Several years back I went deep on understanding MMT and more specifically central bank monetary operations. It is a confidence game. The Treasury (government) discovered it could appoint a monopoly bank (central bank) who has control over the currency and mandates that all other banks settle through its ‘reserves’. These reserves are actually government IOUs as a result of the central bank lending to the government which can use this for spending. The banks in turn lend out in return for privately-issued IOUs which trade 1 for 1 with government IOUs. The condition of the banks is to have enough government IOUs on hand when someone actually wants to exchange private IOUs.

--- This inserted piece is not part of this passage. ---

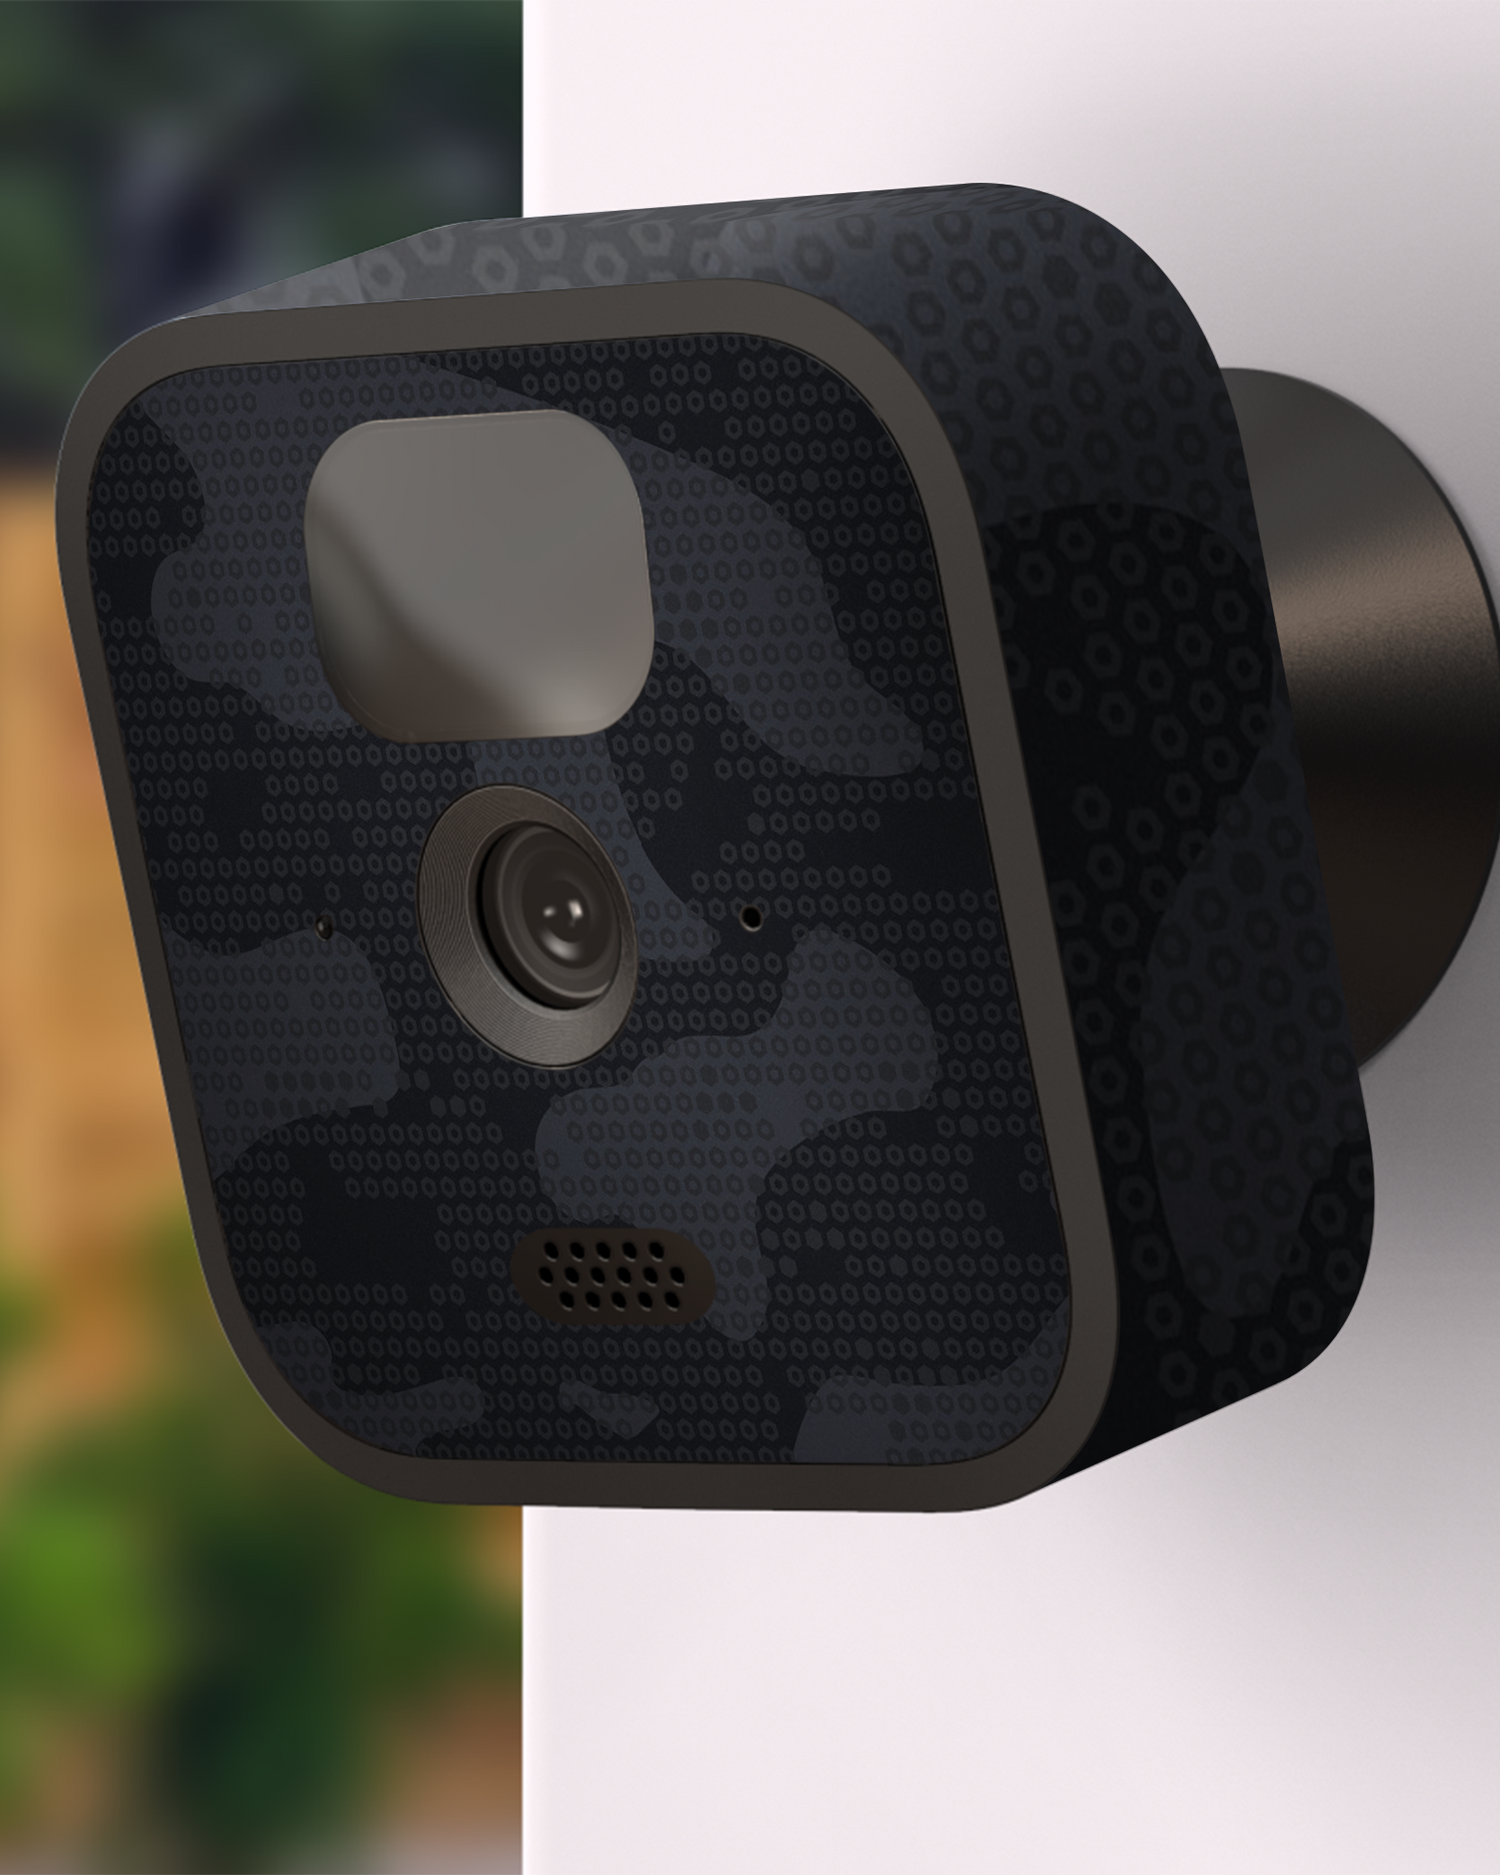 Spec Ops Dark Camera Skin Blink Outdoor (2020) attached to exterior wall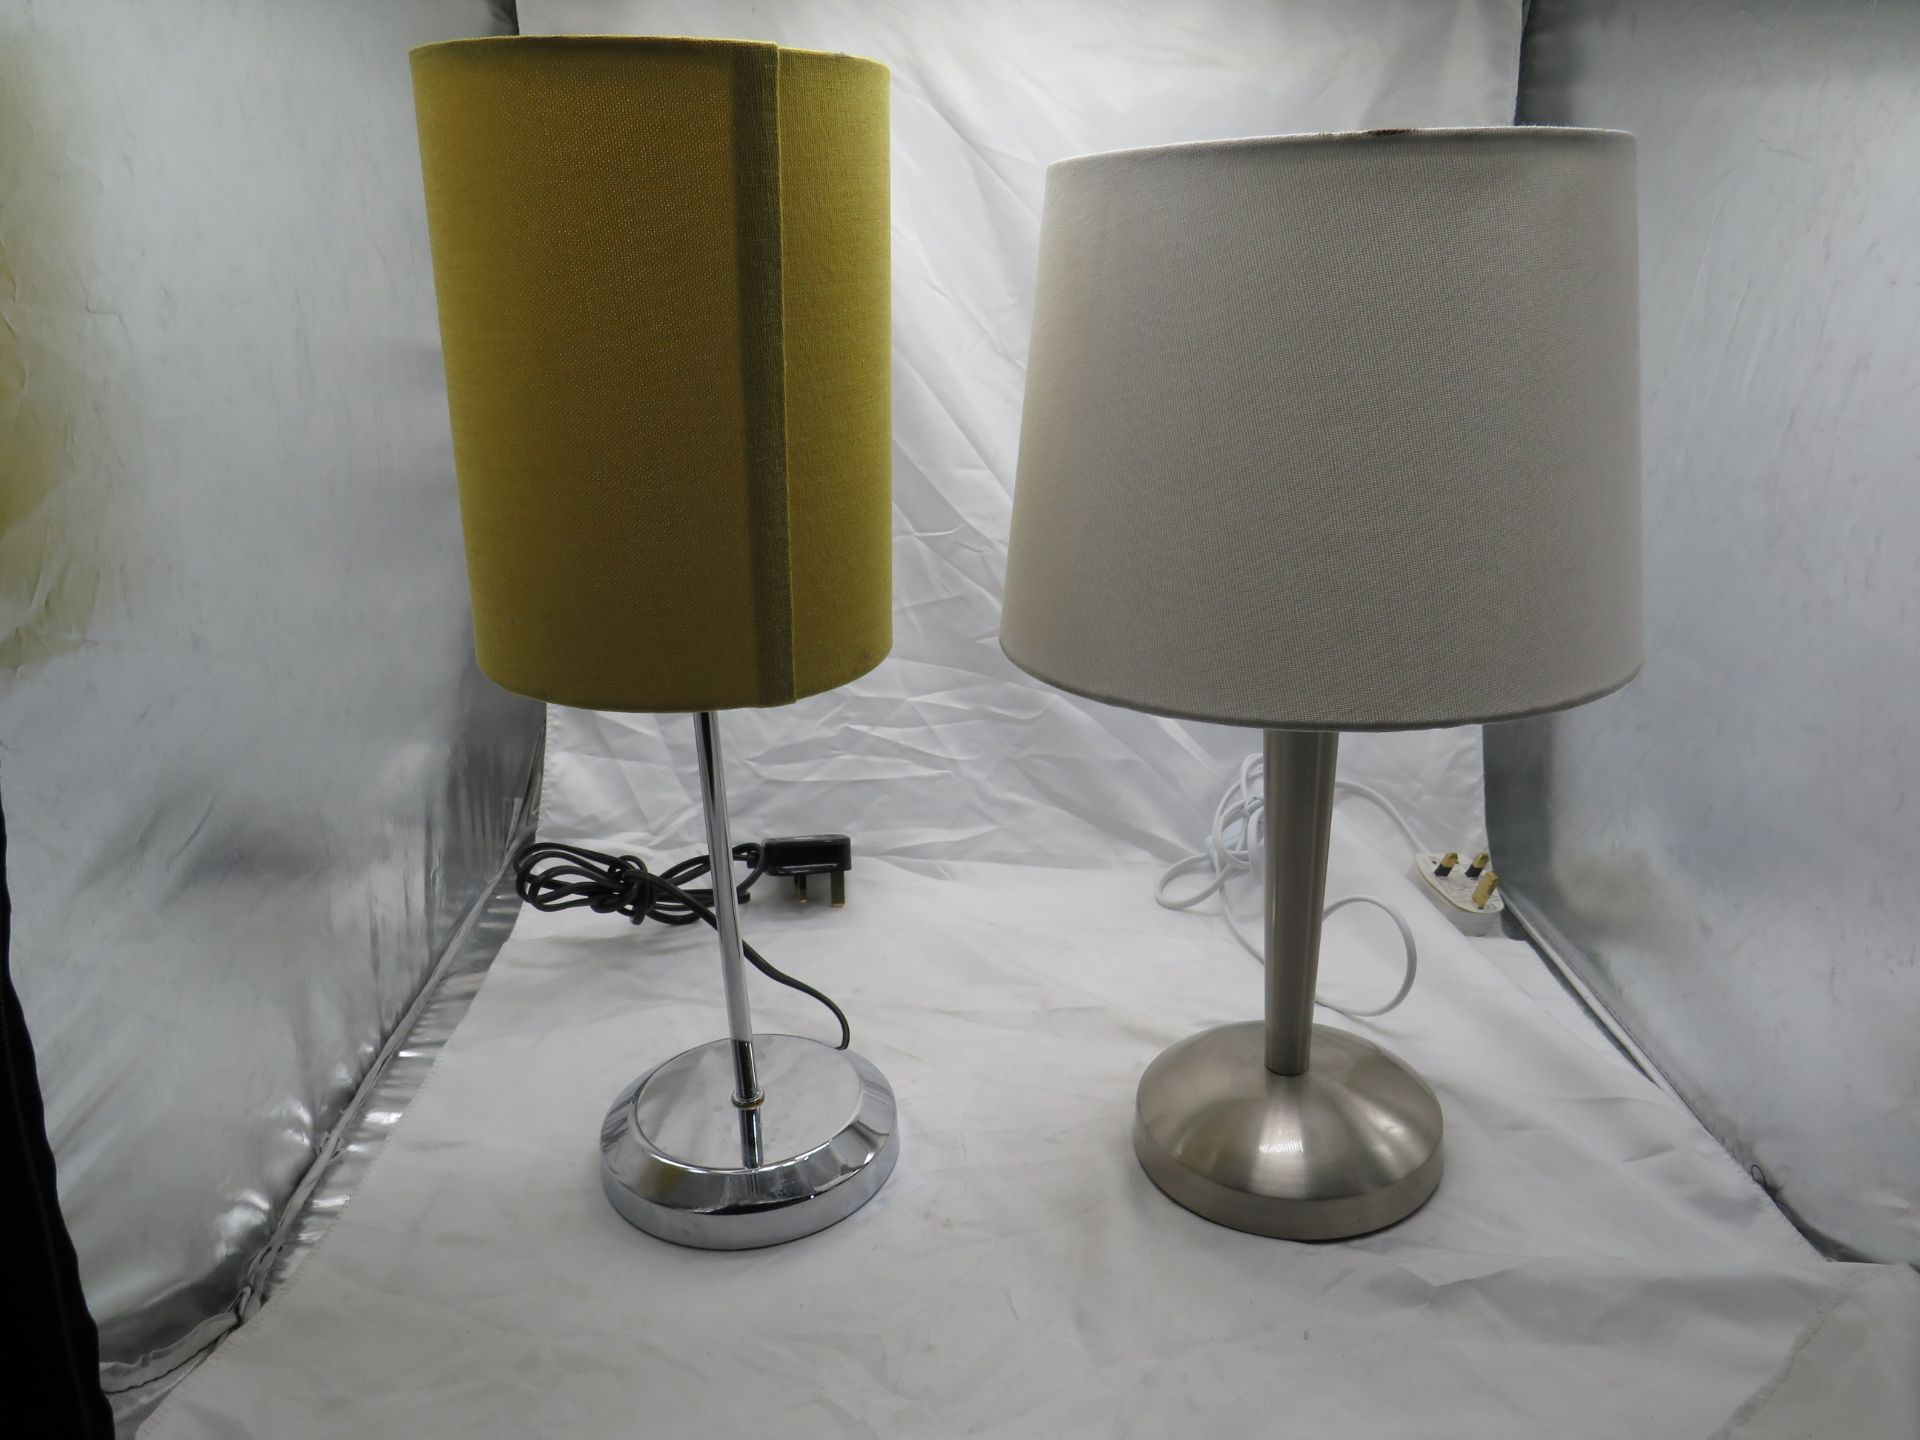 2x Various Ex-display Table?Lamp see image for design

The fact that the treasury and the central bank can effectively collude with one another to increase the money supply is the root of the problem. There is little incentive for government to stop spending because they can borrow whatever they need. What MMT says is that if the economy cannot absorb the money, inflation occurs, usually into assets such as real estate and eventually consumer goods. That’s exactly what has happened today. In the end, it’s not MMT’s fault, it just lays bare what is actually happening. IMHO, one way to fix it, is to enabling a competitive backing scheme - do you want your USD backed by the faith and credit of the government or by bitcoin. In some ways it would be going back to the gold standard in the late 1800s and a competitive bank note issuance scheme like what existed in Canada during that time.